GTFS Merge Command-Line Application

Introduction

The onebusaway-gtfs-merge-cli command-line application is a simple command-line tool for merging GTFS feeds.

Getting the Application

You can download the application from Maven Central.

An example would be https://repo1.maven.org/maven2/org/onebusaway/onebusaway-gtfs-merge-cli/3.2.2/onebusaway-gtfs-merge-cli-3.2.2.jar

Using the Application

You’ll need a Java 17 runtime installed to run the client.

To run the application:

java -jar onebusaway-gtfs-merge-cli.jar [--args] input_gtfs_path_a input_gtfs_path_b ... output_gtfs_path

Note: Merging large GTFS feeds is often processor and memory intensive. You’ll likely need to increase the max amount of memory allocated to Java with an option like -Xmx1G (adjust the limit as needed). I also recommend adding the -server argument if you are running the Oracle or OpenJDK, as it can really increase performance.

Configuring the Application

The merge application supports a number of options and arguments for configuring the application’s behavior. The general pattern is to specify options for each type of file in a GTFS feed using the --file option, specifying specific options for each file type after the --file option. Here’s a quick example:

--file=routes.txt --duplicateDetection=identity --file=calendar.txt --logDroppedDuplicates ...

The merge application supports merging the following files:

  • agency.txt
  • stops.txt
  • routes.txt
  • trips.txt and stop_times.txt
  • calendar.txt and calendar_dates.txt
  • shapes.txt
  • fare_attributes.txt
  • fare_rules.txt
  • frequencies.txt
  • transfers.txt

You can specify merge options for each of these files using the --file=gtfs_file.txt option. File types listed together (e.g. trips.txt and stop_times.txt) are handled by the same merge strategy, so specifying options for either will have the same effect. For details on options you might specify, read on.

Handling Duplicates

The main issue to considering when merging GTFS feeds is the handling of duplicate entries between the two feeds, including how to identify duplicates and what to do with duplicates when they are found.

Identifying Duplicates

We support a couple of methods for determining when entries from two different feeds are actually duplicates. By default, the merge tool will attempt to automatically determine the best merge strategy to use. You can also control the specific strategy used on a per-file basis using the --duplicateDetection argument. You can specify any of the following strategies for duplicate detection.

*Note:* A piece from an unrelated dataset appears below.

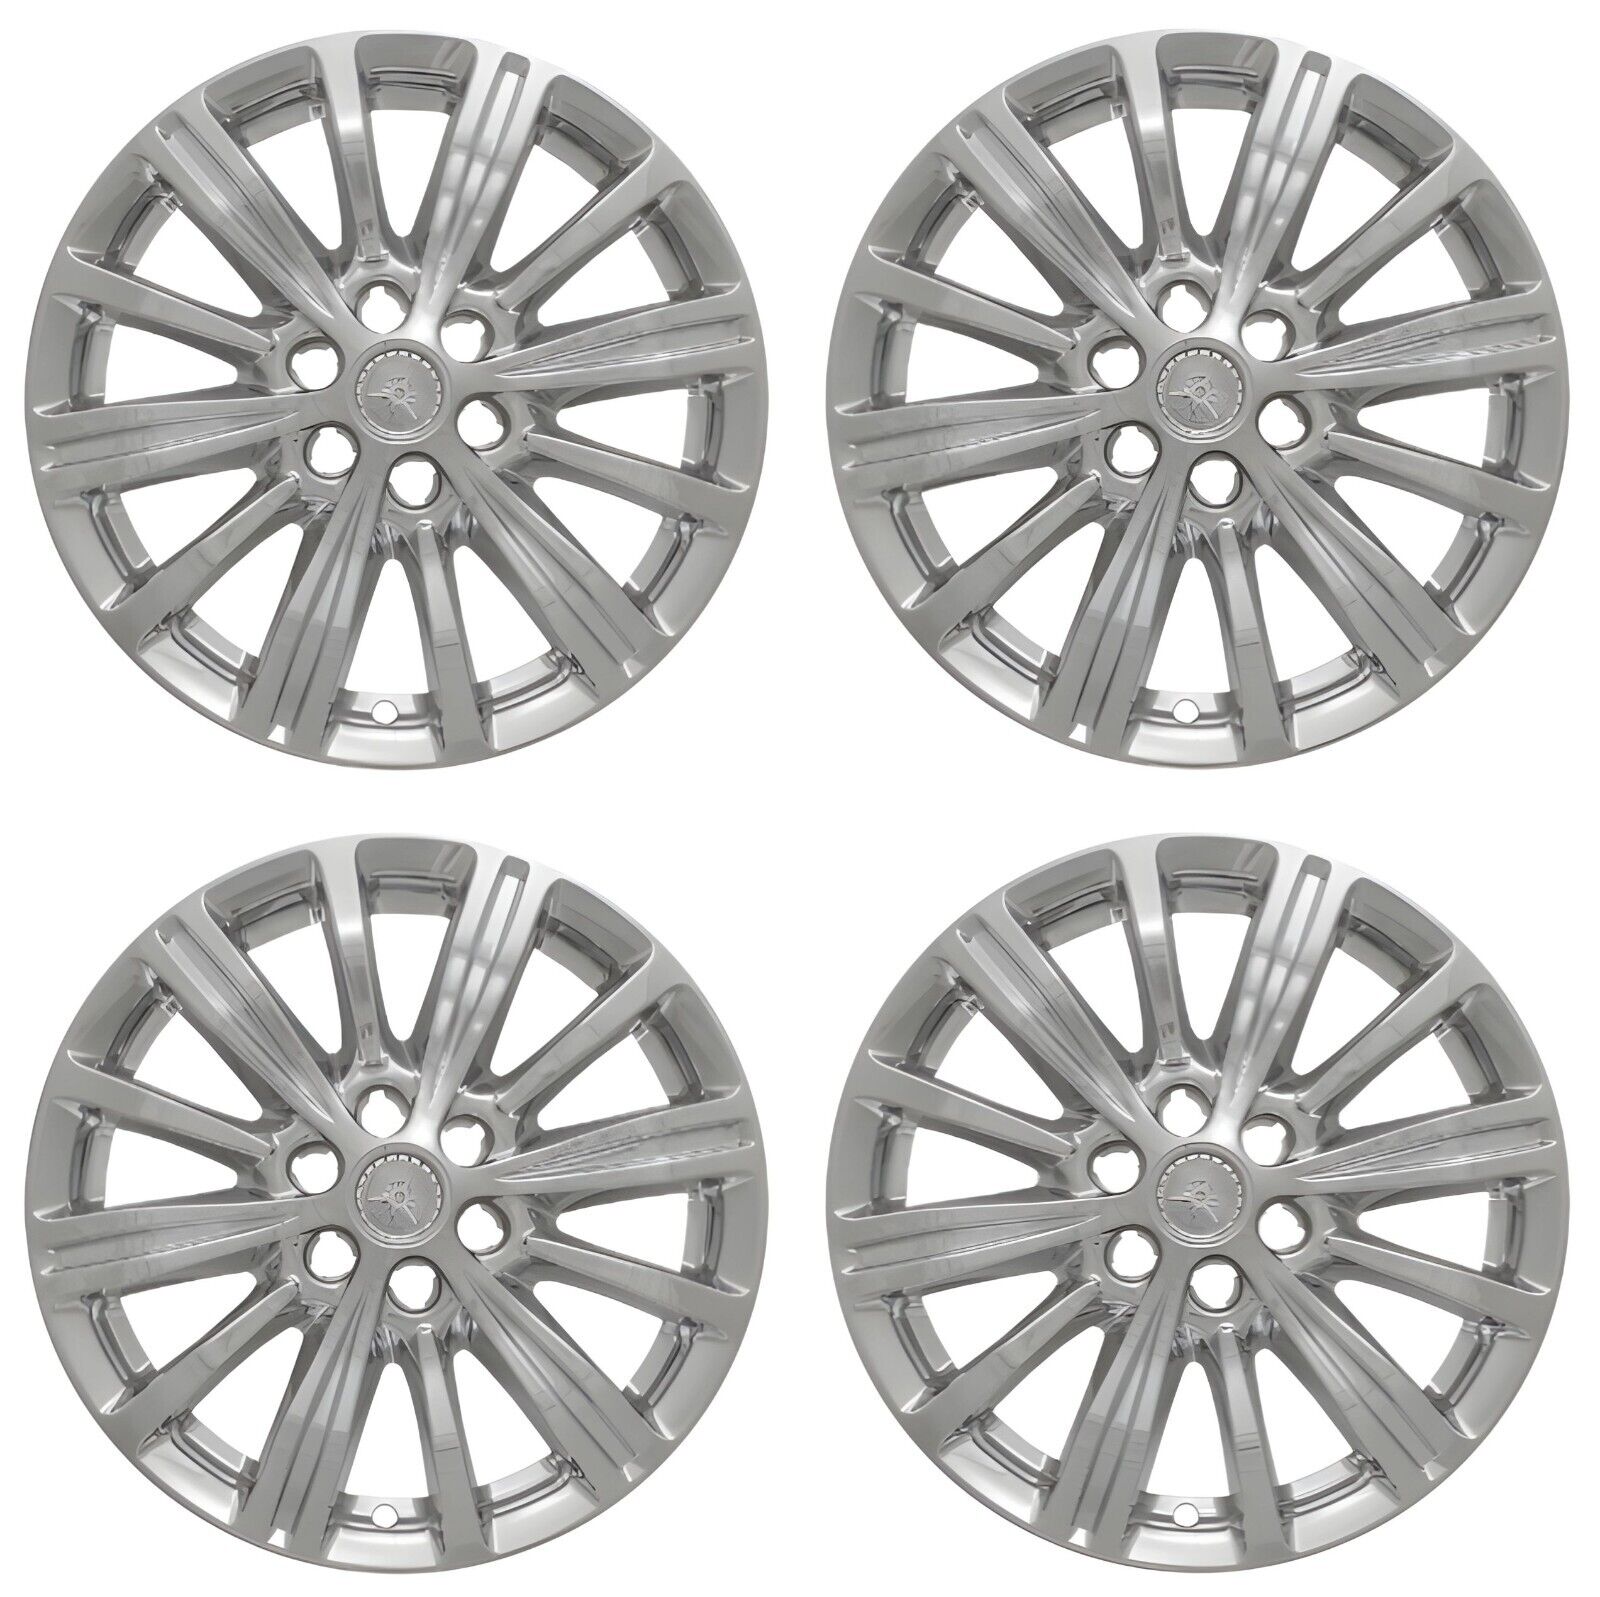 4 Pack Chrome 18 inch ABS Impostor Wheel Skins for 17-19 Cadillac XT5 Rim Covers

  • --duplicateDetection=identity - If two entries have the same id (eg. stop id, route id, trip id), then they are considered the same. This is the more strict matching policy.

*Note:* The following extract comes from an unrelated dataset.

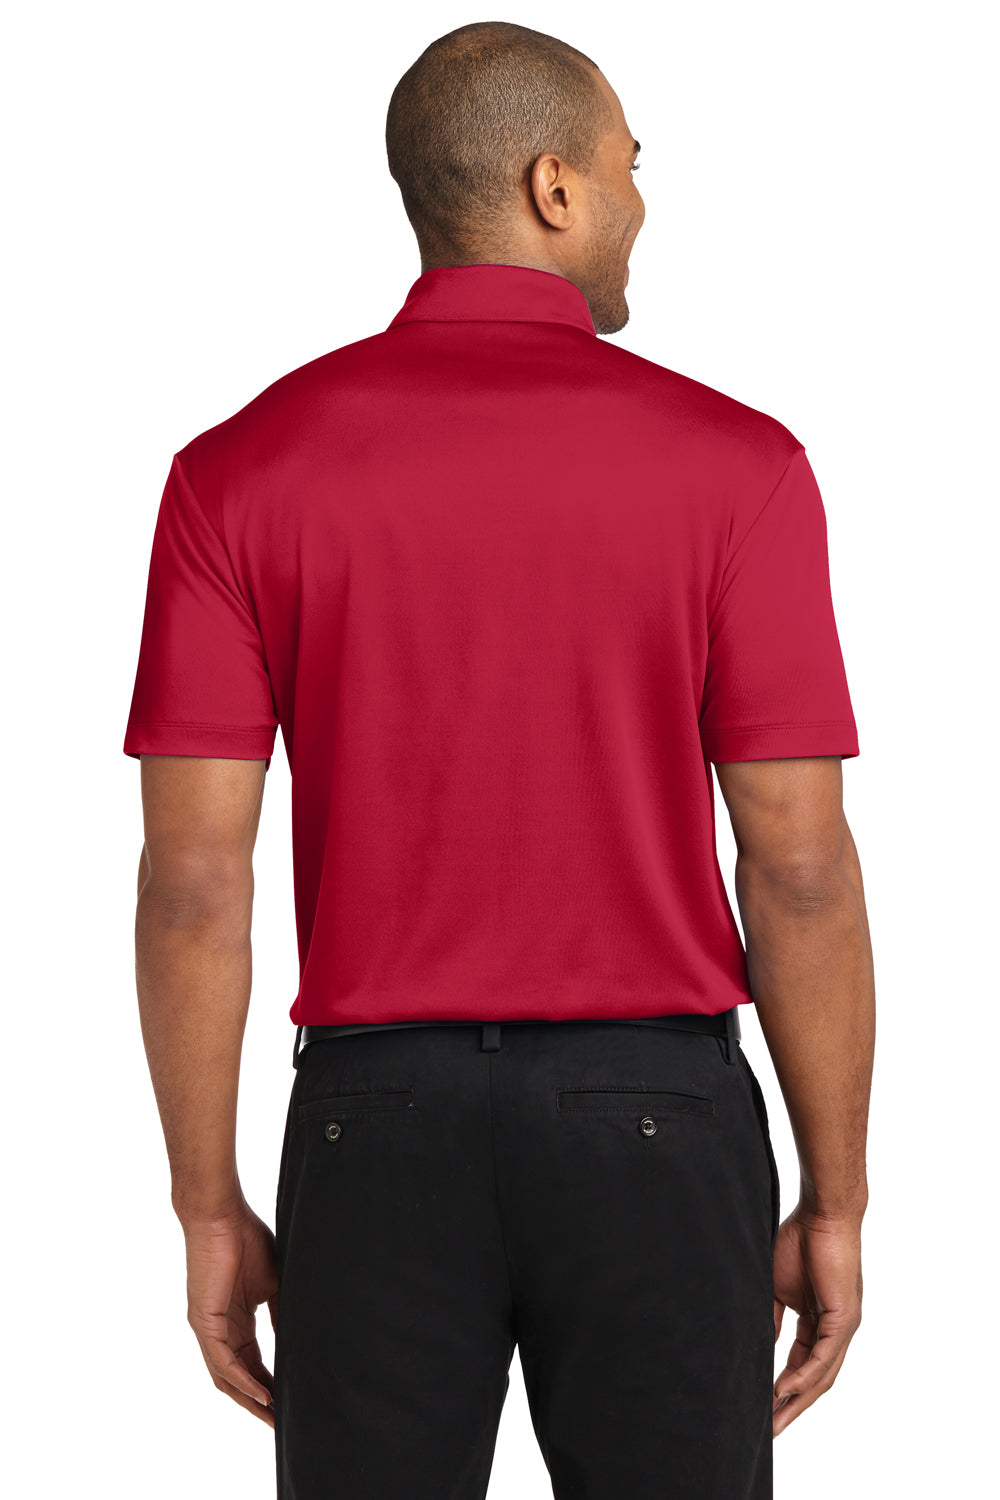 Port Authority K540P Mens Silk Touch Performance Moisture Wicking Short Sleeve Polo Shirt w/ Pocket Red Back

  • --duplicateDetection=fuzzy - If two entries have common elements (eg. stop name or location, route short name, trip stop sequence), then they are considered the same. This is the more lenient matching policy, and is highly dependent on the type of GTFS entry being matched.

  • --duplicateDetection=none - Entries between two feeds are never considered to be duplicates, even if they have the same id or similar properties.

Logging Duplicates

Sometimes your feed might have unexpected duplicates. You can tell the merge tool to log duplicates it finds or even immediately exit with the following arguments:

  • --logDroppedDuplicates - log a message when a duplicate is found

  • --errorOnDroppedDuplicates - throw an exception when a duplicate is found, stopping the program

Examples

Handling a Service Change

Agencies often schedule major changes to their system around a particular date, with one GTFS feed for before the service change and a different GTFS feed for after. We’d like to be able to merge these disjoint feeds into one feed with continuous coverage.

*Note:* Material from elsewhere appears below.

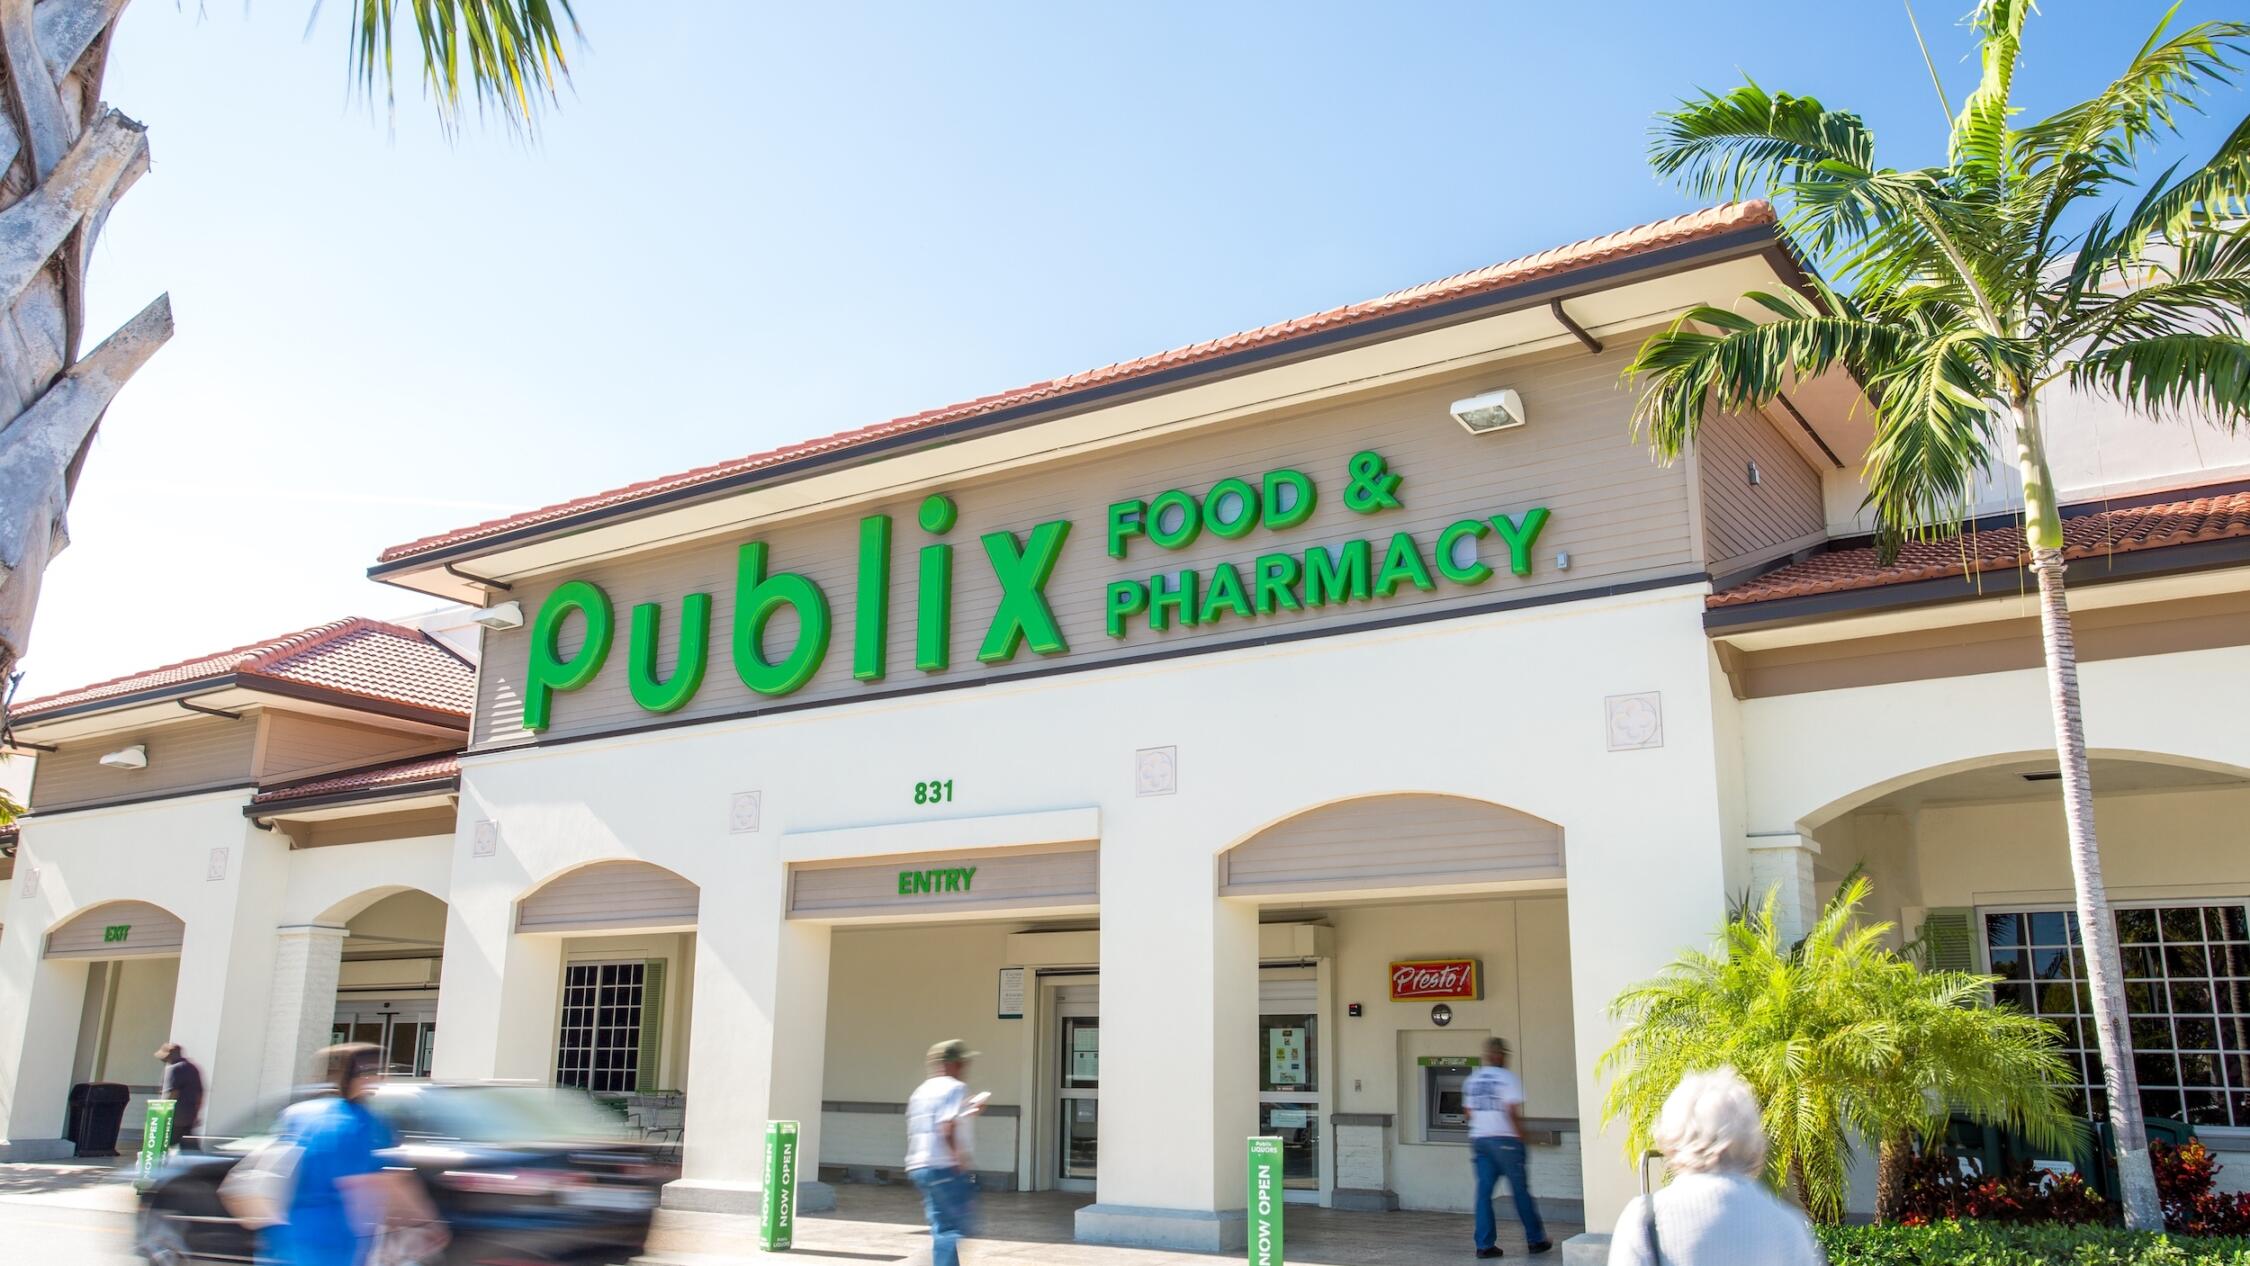 Exterior street level view of Publix grocery store at Village Commons with people and cars passing by

In our example, an agency produces two feeds where the entries in agency.txt and stops.txt are exactly the same, so the default policy of identifying and dropping duplicates will work fine there. The routes.txt file is a bit trickier, since the route ids are different between the two feeds but the entries are largely the same. We will use fuzzy duplicate detection to match the routes between the two feeds.

The next issue is the calendar.txt file. The agency uses the same service_id values in both feeds (eg. WEEK, SAT, SUN) with different start and end dates in the two feeds. If the default policy of dropping duplicate entries was used, we’d lose the dates in one of the service periods. Instead, we rename duplicates such that the service ids from the second feed will be renamed to b-WEEK, b-SAT, etc. and all trips.txt entries in the second feed will be updated appropriately. The result is that trips from the first and second feed will both have the proper calendar entries in the merged feed.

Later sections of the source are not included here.